### Task
Copy down every line of the data that follows exactly. Omit the pictures.

### Provided data
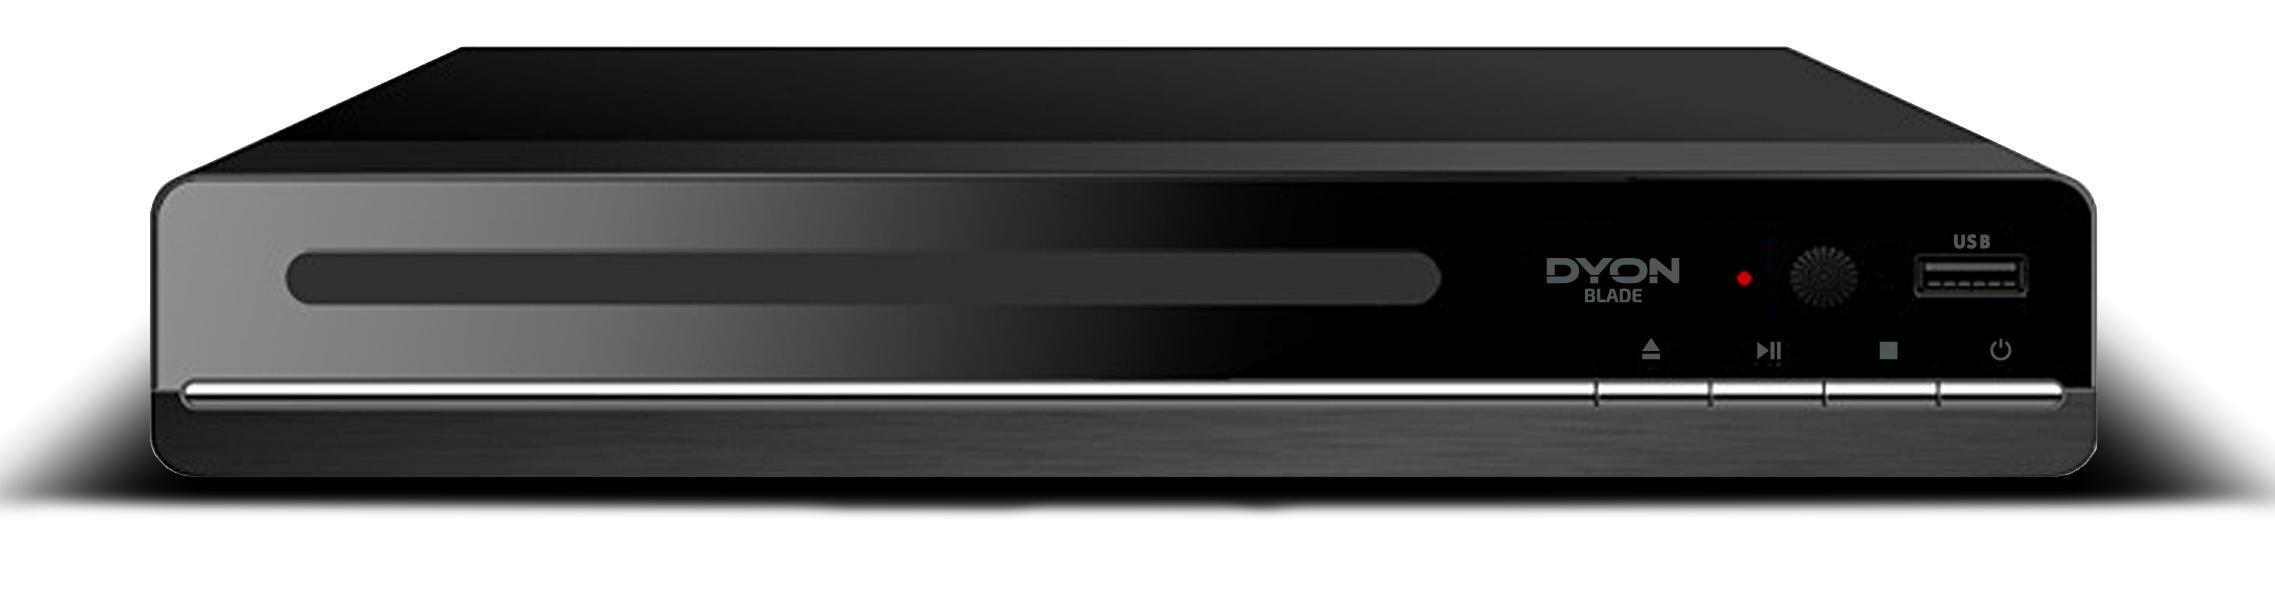 dyon d810014 blade dvd player mit hdmi und usb. Black Bedroom Furniture Sets. Home Design Ideas
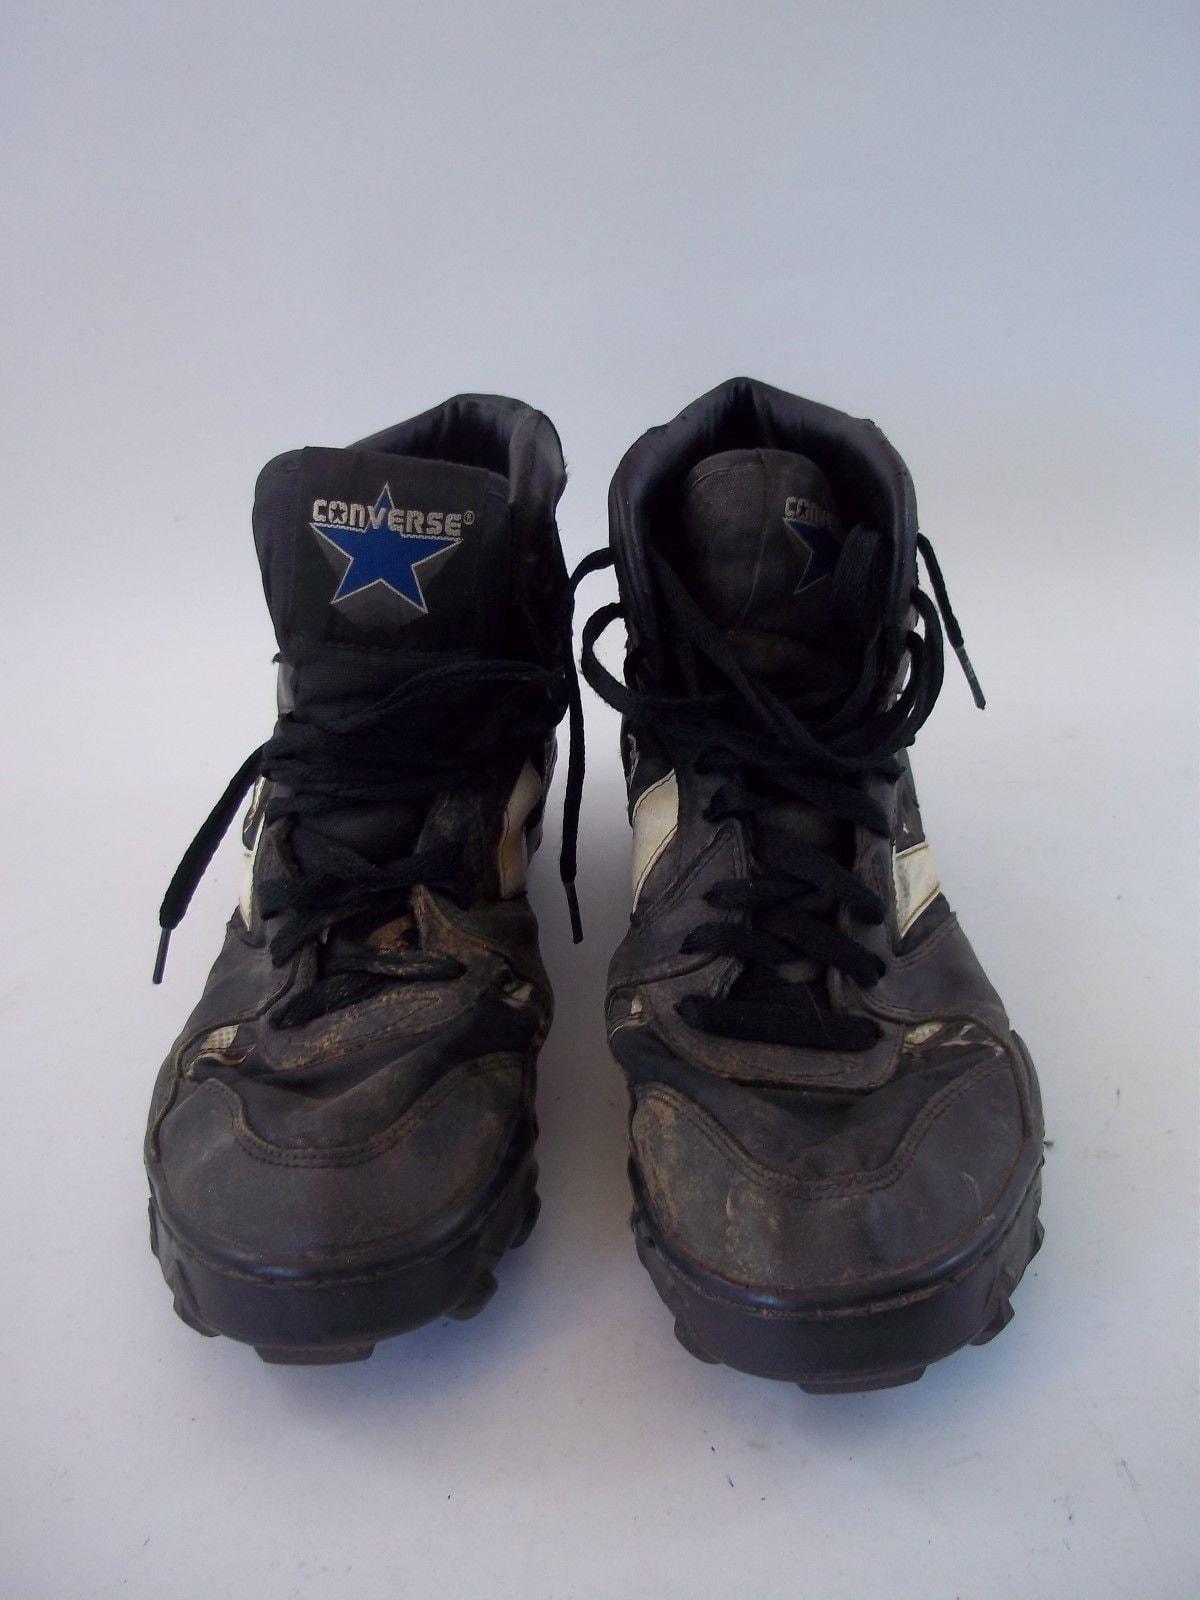 7ea28ca9bb377 Rare Vintage 1994 Converse Cons Shoes Size 9 Black 3B9405 14094 0918
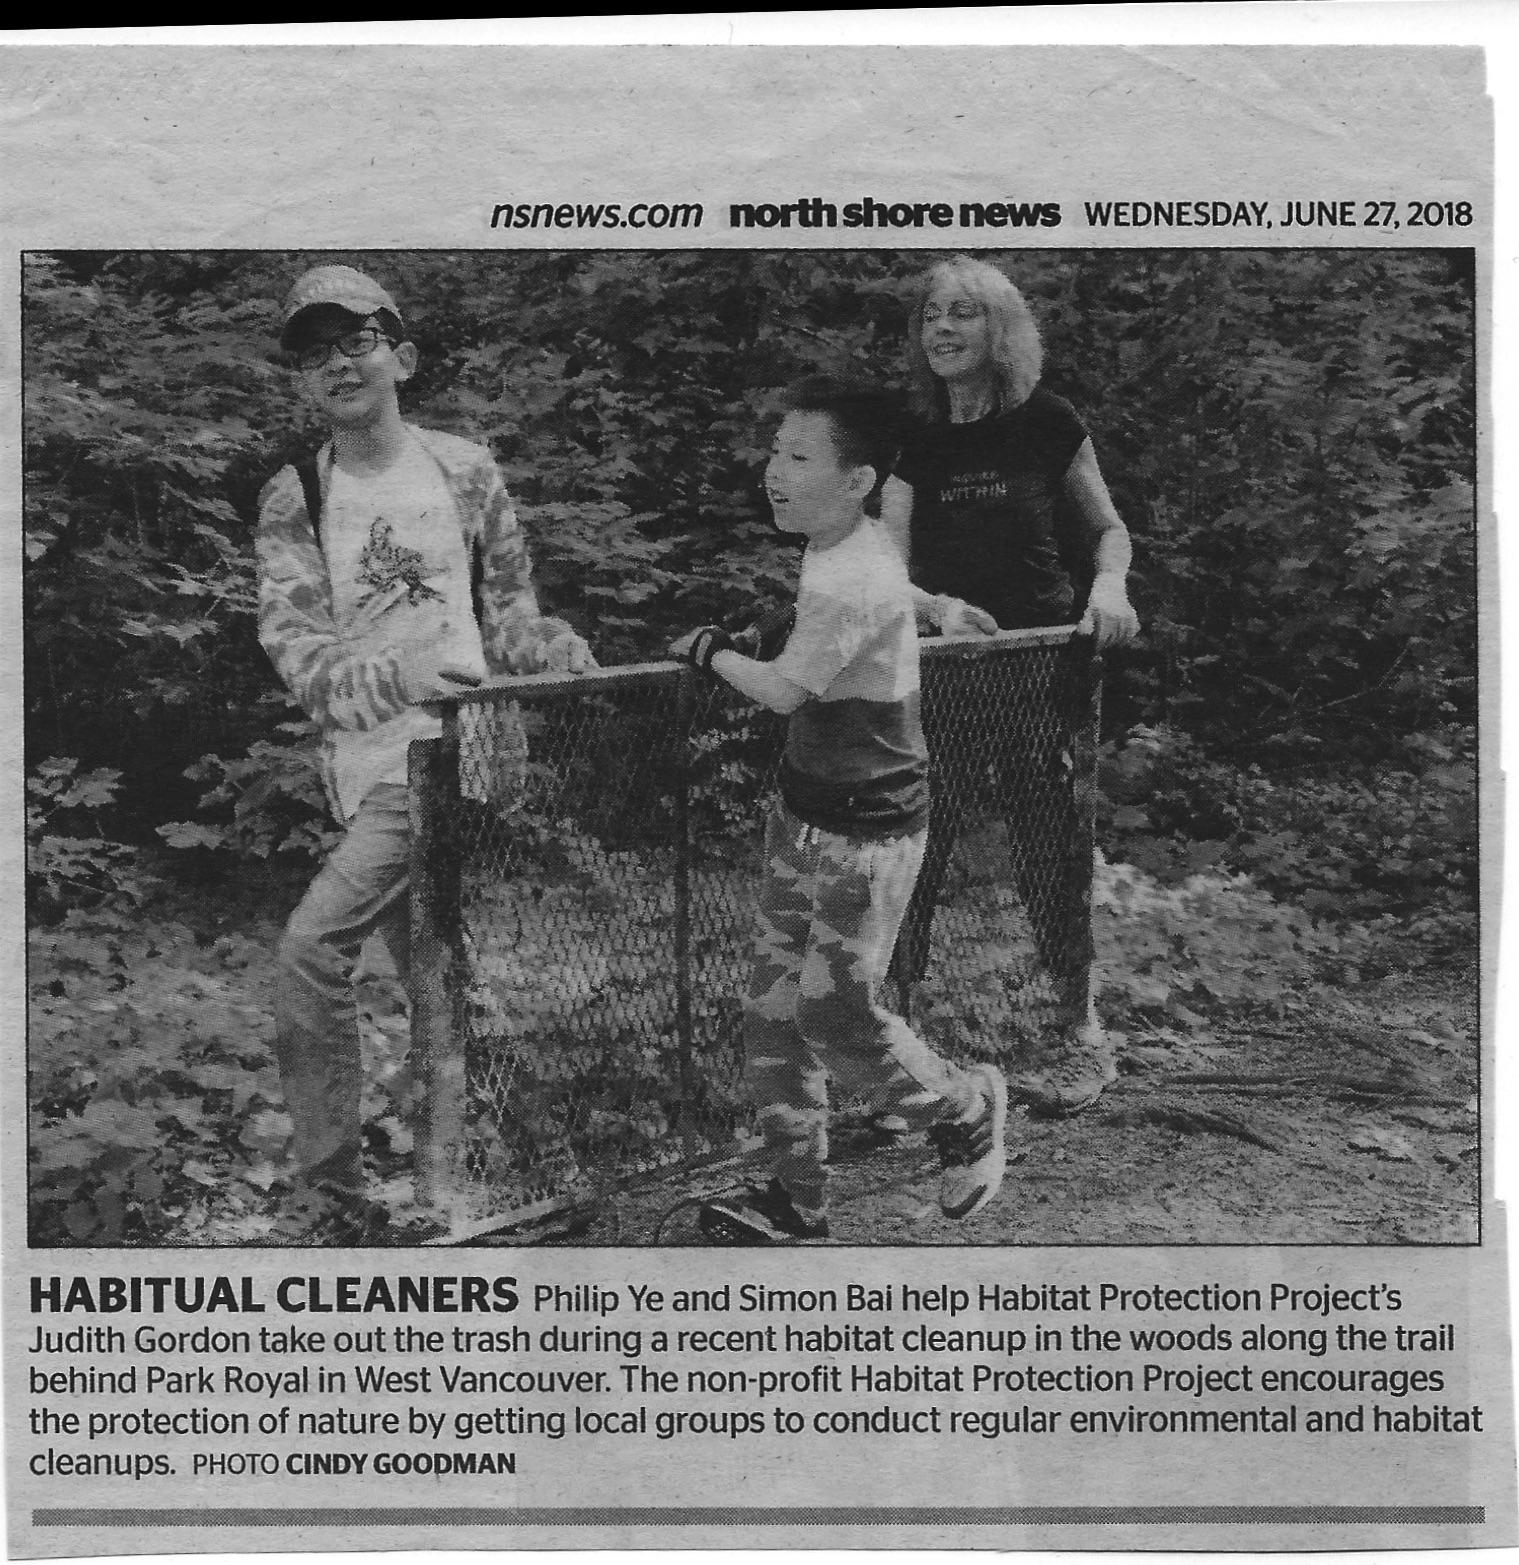 News_Habitual_Cleaners.jpg

### Exercise solution
 dyon d810014 blade dvd player mit hdmi und usb. Black Bedroom Furniture Sets. Home Design Ideas
 7ea28ca9bb377 Rare Vintage 1994 Converse Cons Shoes Size 9 Black 3B9405 14094 0918
 News_Habitual_Cleaners.jpg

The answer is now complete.